As investigações apontam que pelo menos 24 comunidades no Rio de Janeiro e na região metropolitana, como o Complexo do Salgueiro, Rocinha, Maré, Jacarezinho e Lins, são abastecidas por esses fluxos de armas. A Polícia Civil estima que cerca de 50 fuzis são comercializados mensalmente nessas áreas.

Na operação, integrantes suspeitos do Comando Vermelho chegaram a usar drones para lançar bombas contra os policiais, tentando impedir o avanço das forças de segurança.

O secretário da Polícia Civil, Felipe Curi, afirmou que o rastreamento das armas deve revelar rotas e responsáveis pela entrada do armamento no estado.

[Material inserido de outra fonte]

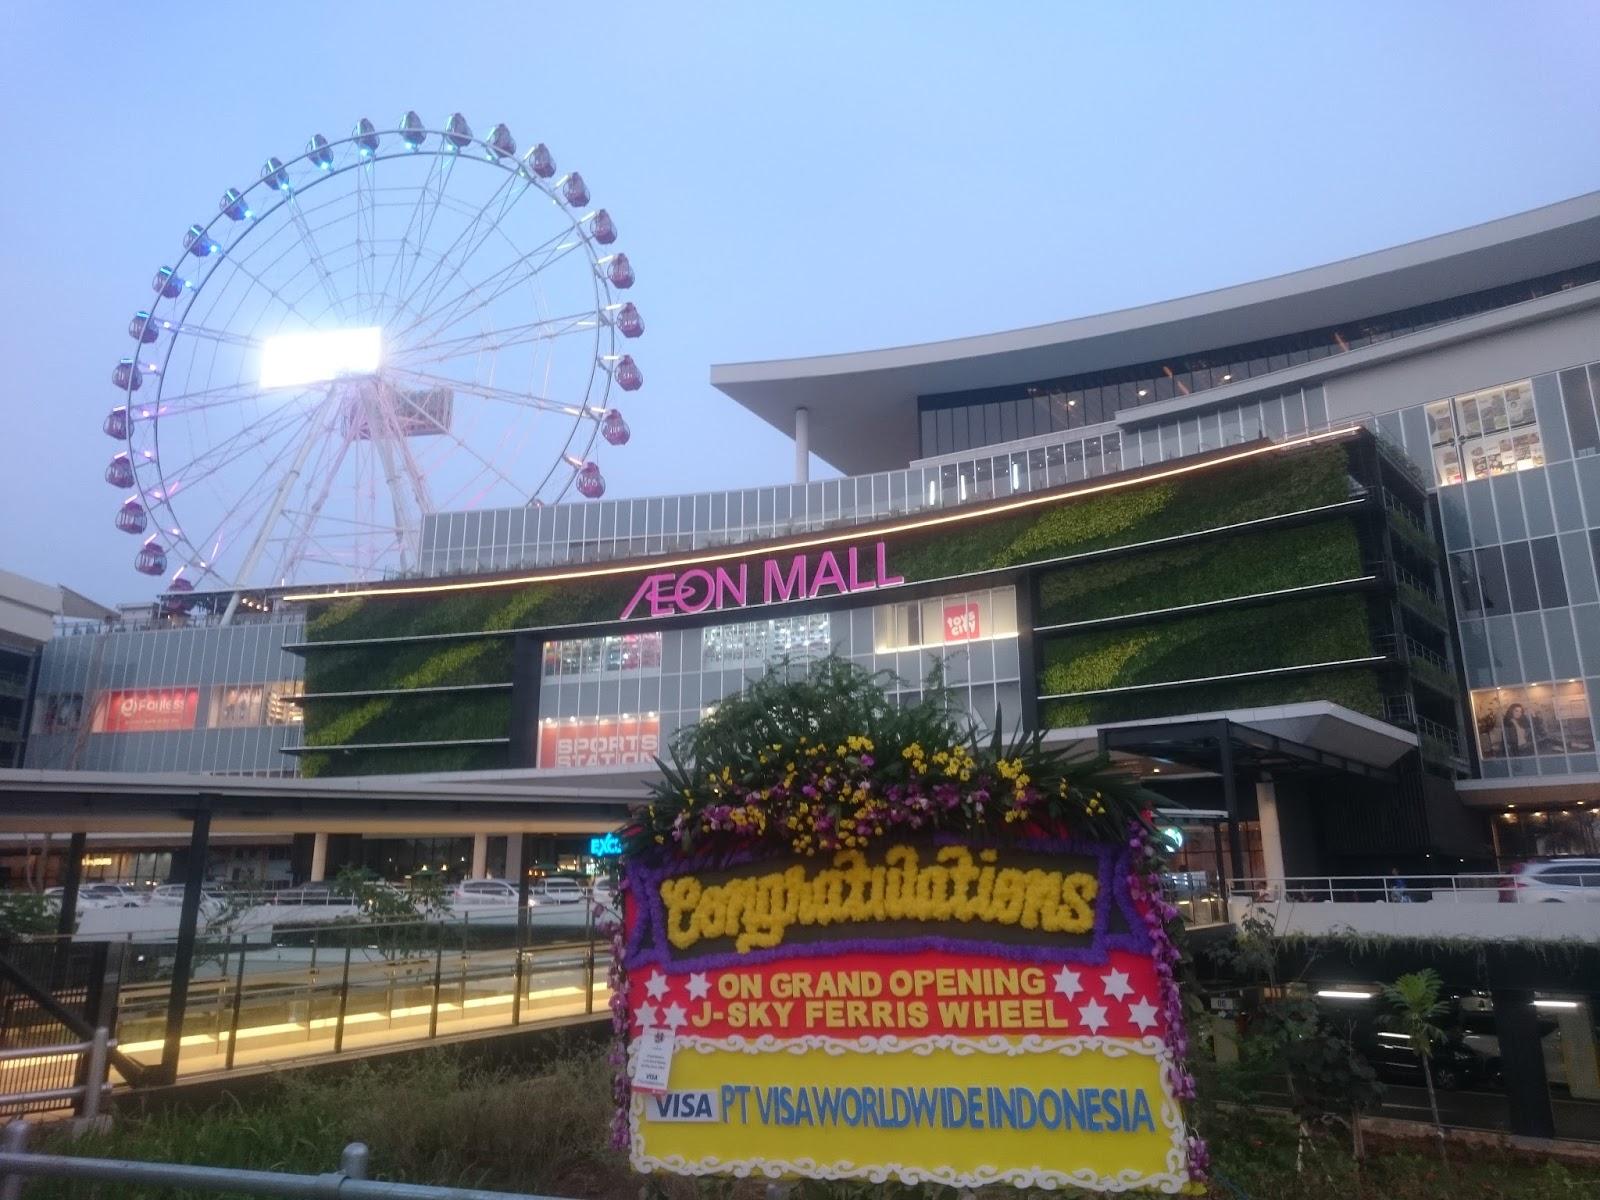 bersama J-Sky Ferris Wheel Menikmati Keindahan Jakarta dari Ketinggian 1

“Essas armas são utilizadas em guerras violentas atuais, como as da Síria e do Iêmen. Identificar as rotas e responsáveis pela entrada delas é fundamental para enfraquecer o poder bélico das organizações criminosas”, declarou.

O delegado Vinícius Domingos, da Coordenadoria de Fiscalização de Armas e Explosivos, informou que algumas armas exibem inscrições e símbolos de facções criminosas de outros estados. “Encontramos referências à Tropa do Lampião, grupo de criminosos do Nordeste ligado ao Comando Vermelho, o que confirma a expansão dessa facção para outras regiões do país”.

De acordo com a Polícia Civil, 54 dos 117 homens mortos em confronto com a polícia eram naturais de outros estados como Pará, Amazonas, Bahia, Ceará, Goiás e Espírito Santo, indicando a atuação nacional do Comando Vermelho, com lideranças em quatro das cinco regiões do Brasil.

Os fuzis apreendidos estão sendo periciados, e a Polícia Civil pretende compartilhar as informações com o Exército para rastrear a origem de armamentos desviados.

A operação, planejada por mais de um ano e com 60 dias de preparação, teve como alvo líderes do Comando Vermelho. Vídeos divulgados pela polícia mostram criminosos armados em locais de treinamento, disparando contra garrafas, revelando a rotina de novos membros da facção.